Poison Pizza Pill?
Papa John's International Inc. (PZZA) - Get Report said late Sunday that it will adopt a so-called "poison pill" to avoid outside investors from taking control of the company without compensating shareholders, but added that the current holdings of its controversial founder and former CEO, John Schnatter, would be grandfathered in to the new plan.
The strategy, which will trigger once an investor or a group of investors assumes control of 15% of the company, will see each existing shareholder receive the right to one additional share for each outstanding common share. The plan would expire on July 22, 2019, the company said, but will be triggered if Schnatter's stake rises from its current 30%.
"The adoption of the Rights Plan is intended to enable all Papa John's stockholders to realize the full potential value of their investment in the company and to protect the interests of the company and its stockholders by reducing the likelihood that any person or group gains control of Papa John's through open market accumulation or other tactics without paying an appropriate control premium," the company said in a statement late Sunday.
Papa John's shares were marked 9% lower from their Friday close in Monday trading.
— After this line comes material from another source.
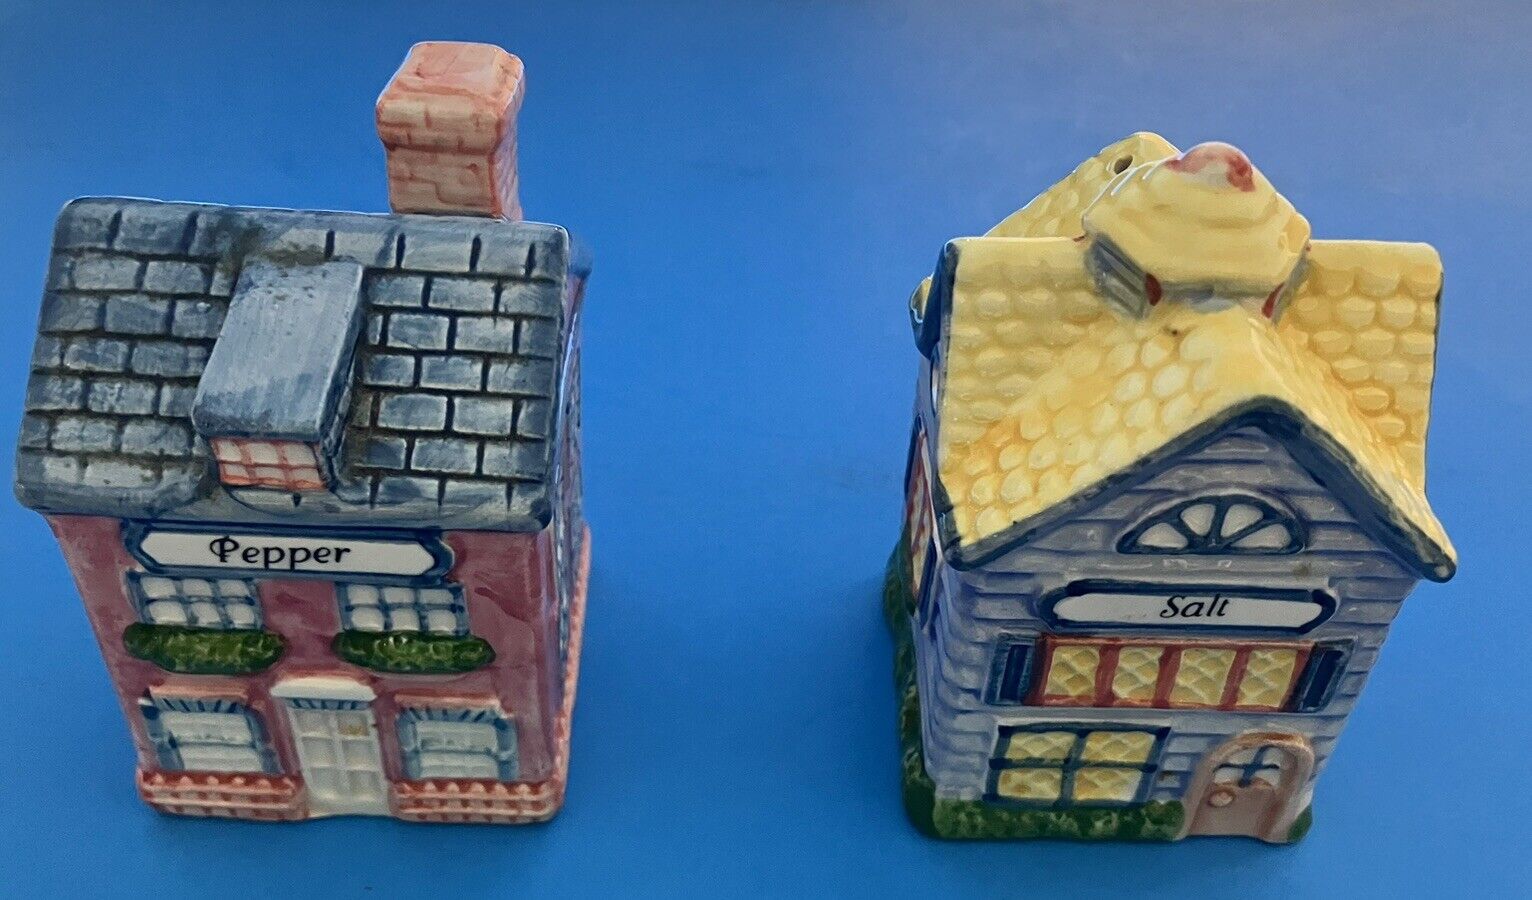 1997 Avon Cottage Salt & Pepper Shaker Set, In Original Box, Missing One Stopper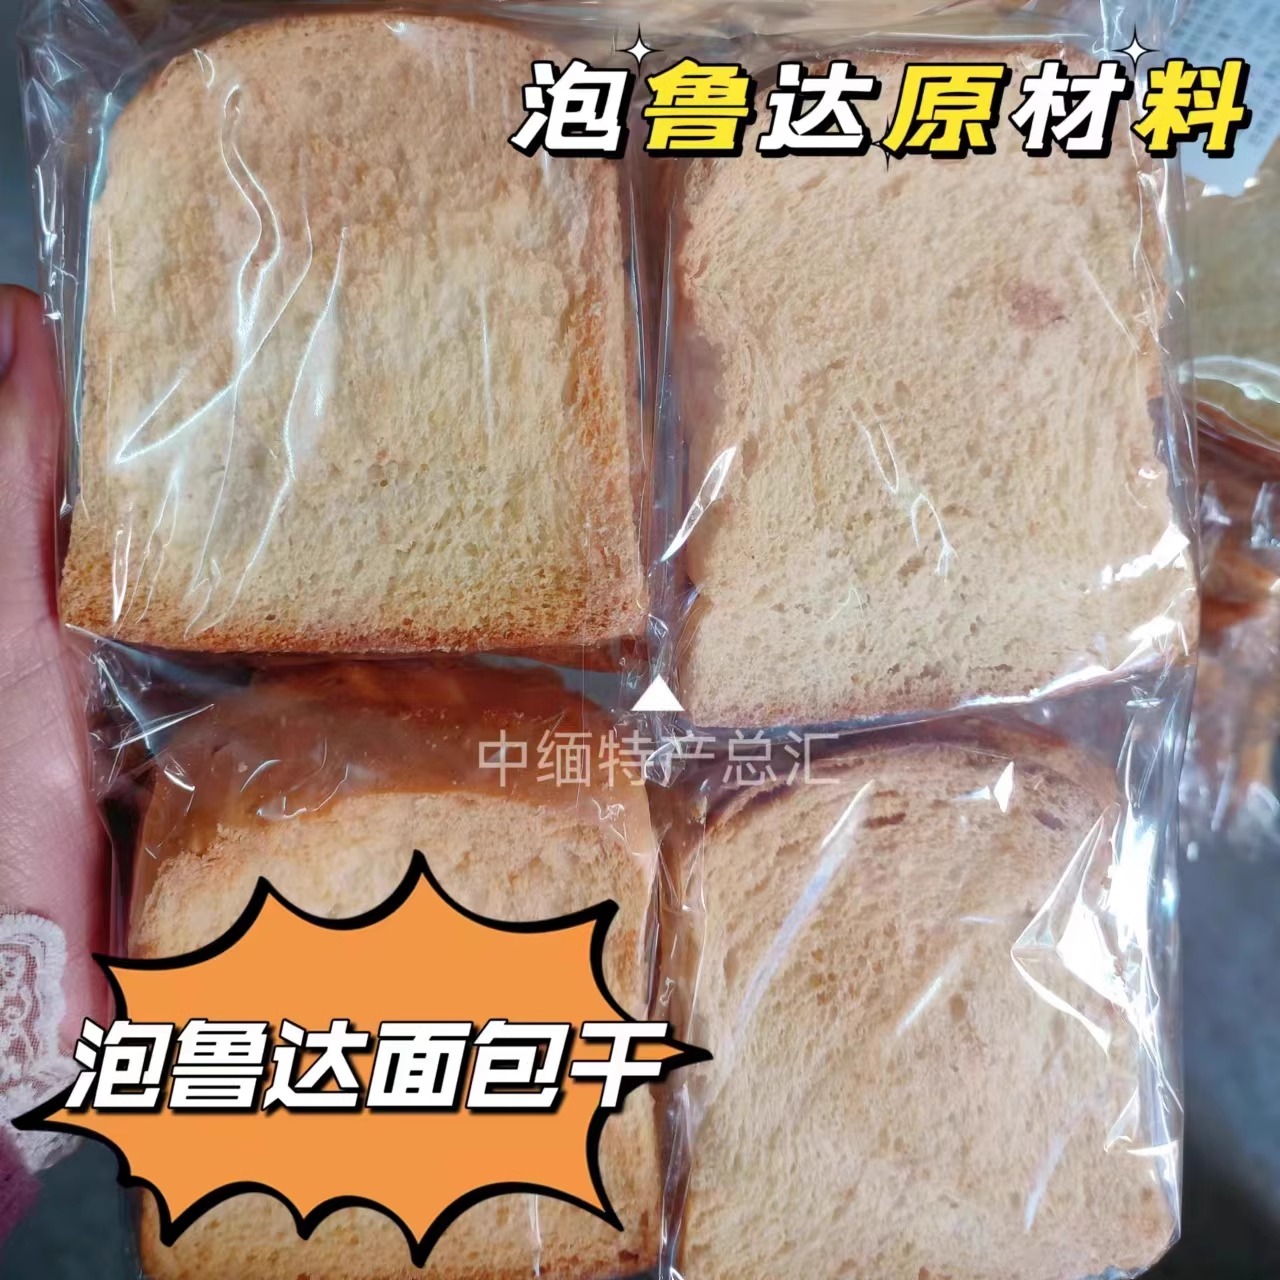 泡鲁达专用面包干现货代购6袋包邮香酥脆饼材料网红泡鲁达同款

The move extends the stock's decline to around 9% since Schnatter's July 11 resignation as group chairman following allegations he used a racial slur during an company conference call.
"Papa John's condemns racism and any insensitive language, no matter the situation or setting," the company said in a statement at the time "We take great pride in the diversity of the Papa John's family, though diversity and inclusion is an area we will continue to strive to do better," the company said in a separate statement."
Schnatter, who left his CEO role last year following a much-publicised spat with NFL Commissioner Roger Goodell over his handling of the league's national anthem protest controversy, which only days ago drew a fresh response from President Donald Trump.
"Schnatter and his affiliates and associates who currently beneficially own shares of common stock in excess of 30% have been grandfathered under the Rights Plan but will become an acquiring person upon their acquisition of 31% or more of our outstanding shares of common stock, subject to certain exceptions as described in the Rights Plan," Papa John's said.